Figure 8. Nicotine increases NO production

(A) HMVECs were loaded with DAF-FM DA (20 µM) as described in Material and Methods. Increasing fluorescence intensity reflects NO synthesis. Representative results are shown. Upper panels show basal fluorescence intensity before stimulation. Bottom panels show fluorescence 15 minutes after nicotine(10⁻⁷ M) stimulation. From left to right: panel1: Control cells, treated with transfection vehicle for 72 hrs prior to nicotine stimulation; panel2 :cells treated with siRNA against α₉ preceding the nicotine stimulation. panel3: cells pretreated with siRNA against α₇ prior to nicotine stimulation. panel4: cells pretreated with PI3 kinase inhibitor Ly294003 (50 uM) for 1 hour followed by nicotine stimulation. panel5: cells pretreated with U0126 (20 uM) for 1 hour followed by nicotine stimulation. Bar = 20 µm. (B)–(C) Measurement of the intracellular NO level. The average intensities in the ECs relative to the control group were evaluated as described in materials and methods. n=10, *p<0.05 versus control (non-transfected) cells at time 0. ^# p<0.05, vs. non-transfected cells exposed to same stimulus duration.

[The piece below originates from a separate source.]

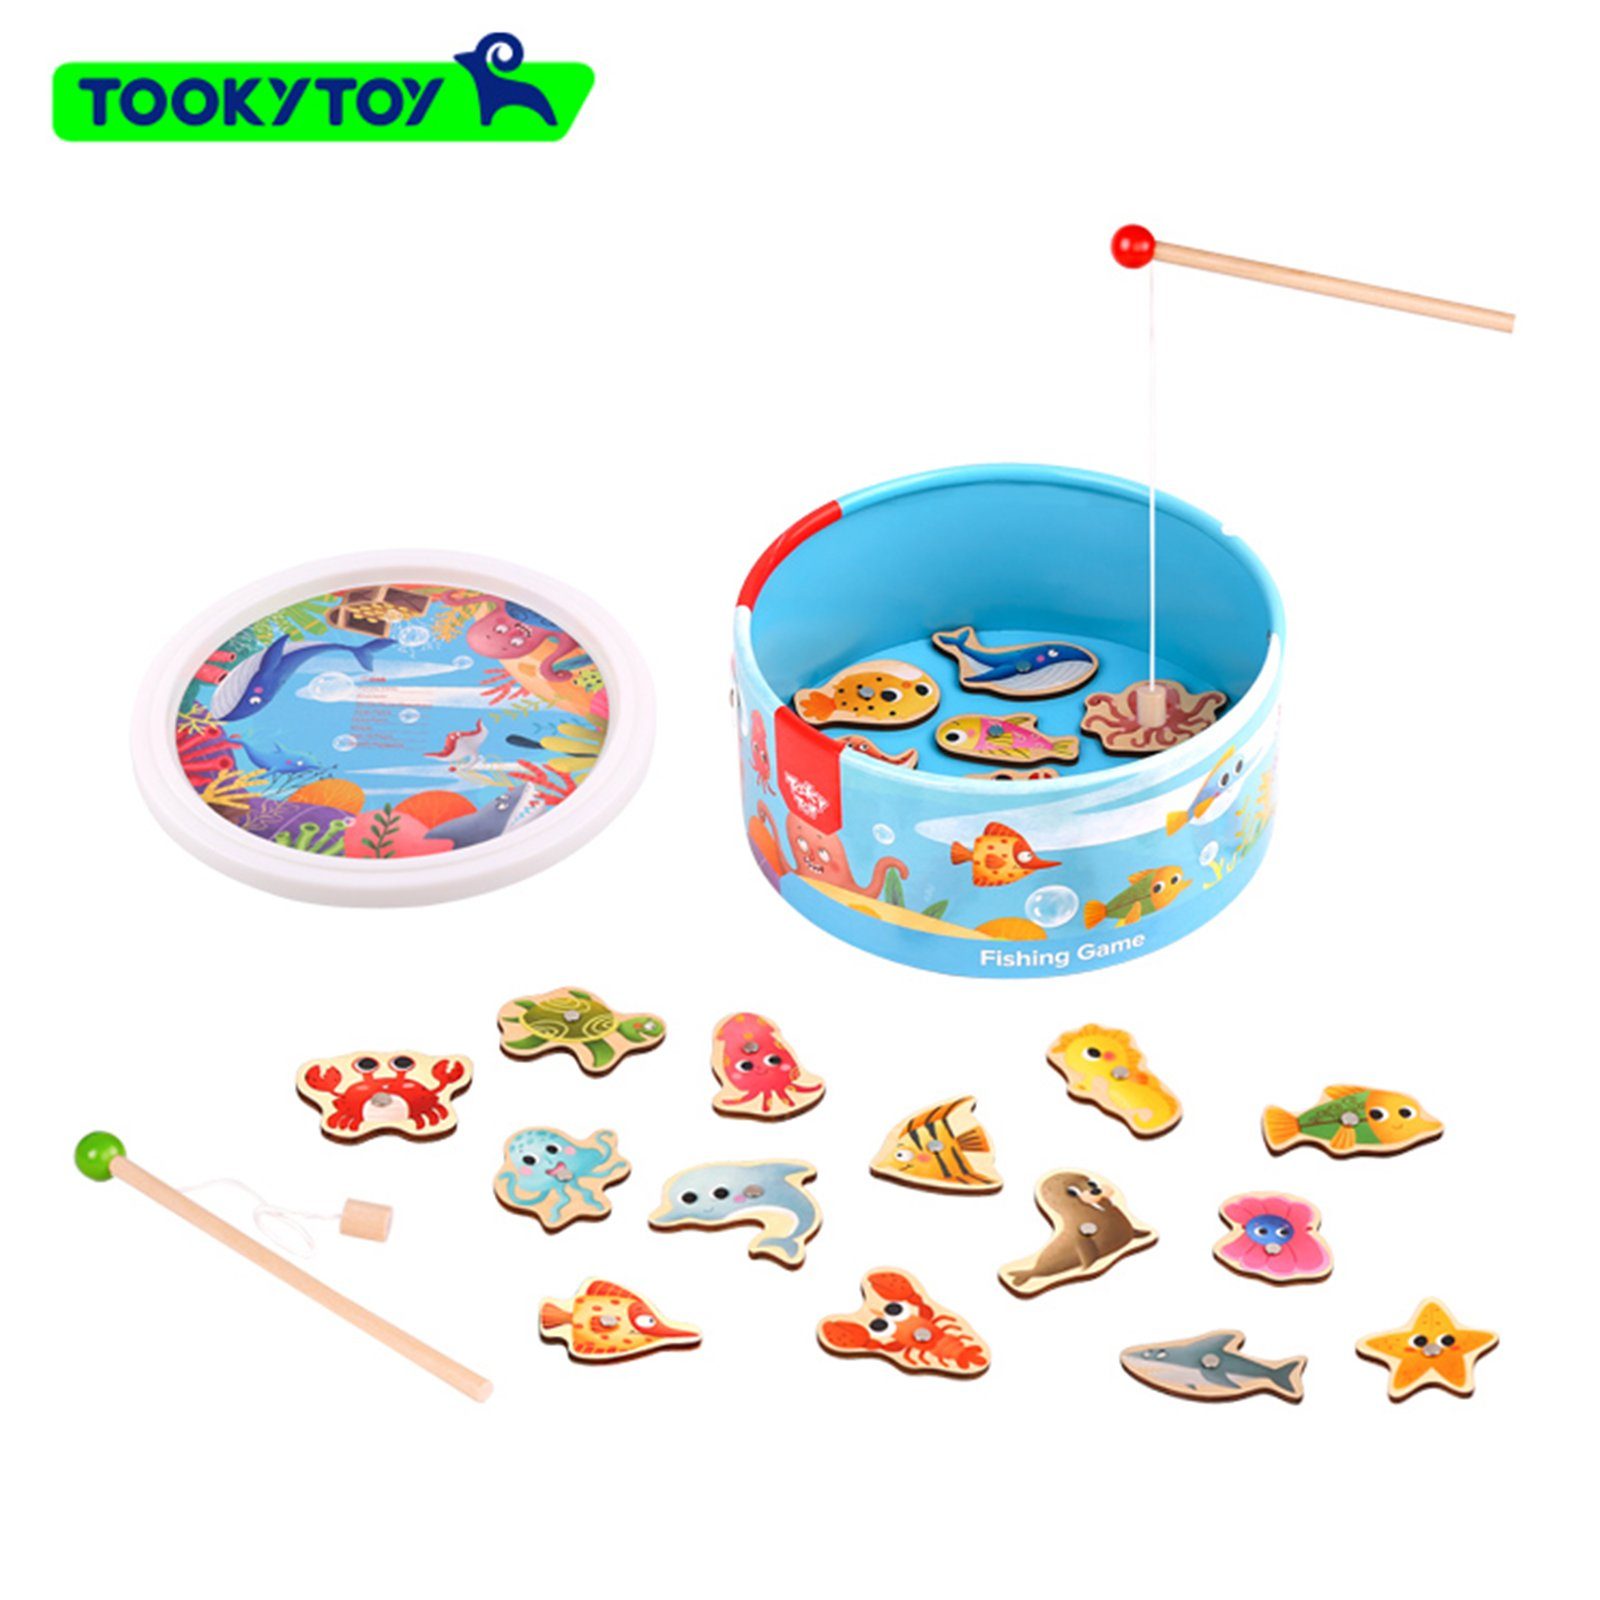 Tooky Toy Lernspielzeug Angelspiel mit magnet und Aufbewahrungsbox

Figure 9. Cyclin D1 activity is increased by nicotine

Immunoblotting for p21 and cyclin D1. Cells were exposed to siRNA against α₉ or α₇ for 72 hour. Then cells were serum starved overnight and subsequently stimulated with nicotine (10⁻¹⁰M) for 24 hours. The lysates were subjected to Western analysis with anti-p21, anti-cyclin D1 antibodies. Equal protein loading was determined by anti-β-actin antibody.

Figure 10

Schematic representation of nicotine signal transduction pathways. Nicotine activates α₇-nAChRs, triggering an initial cytosolic influx of Ca²⁺, which activates two major signaling pathways (PI3/Akt and MAPK cascade, respectively) resulting in the promotion of cell proliferation, survival and migration. The activation of MAPK and Akt increases NO synthesis, which also promotes EC proliferation, survival and migration. Nicotine causes disassembly of the VE-Cadherin/ β-catenin complex and translocation of β-catenin to the nucleus. By contrast, nicotine binding to α₉ opposes this signaling pathway through an unknown mechanism.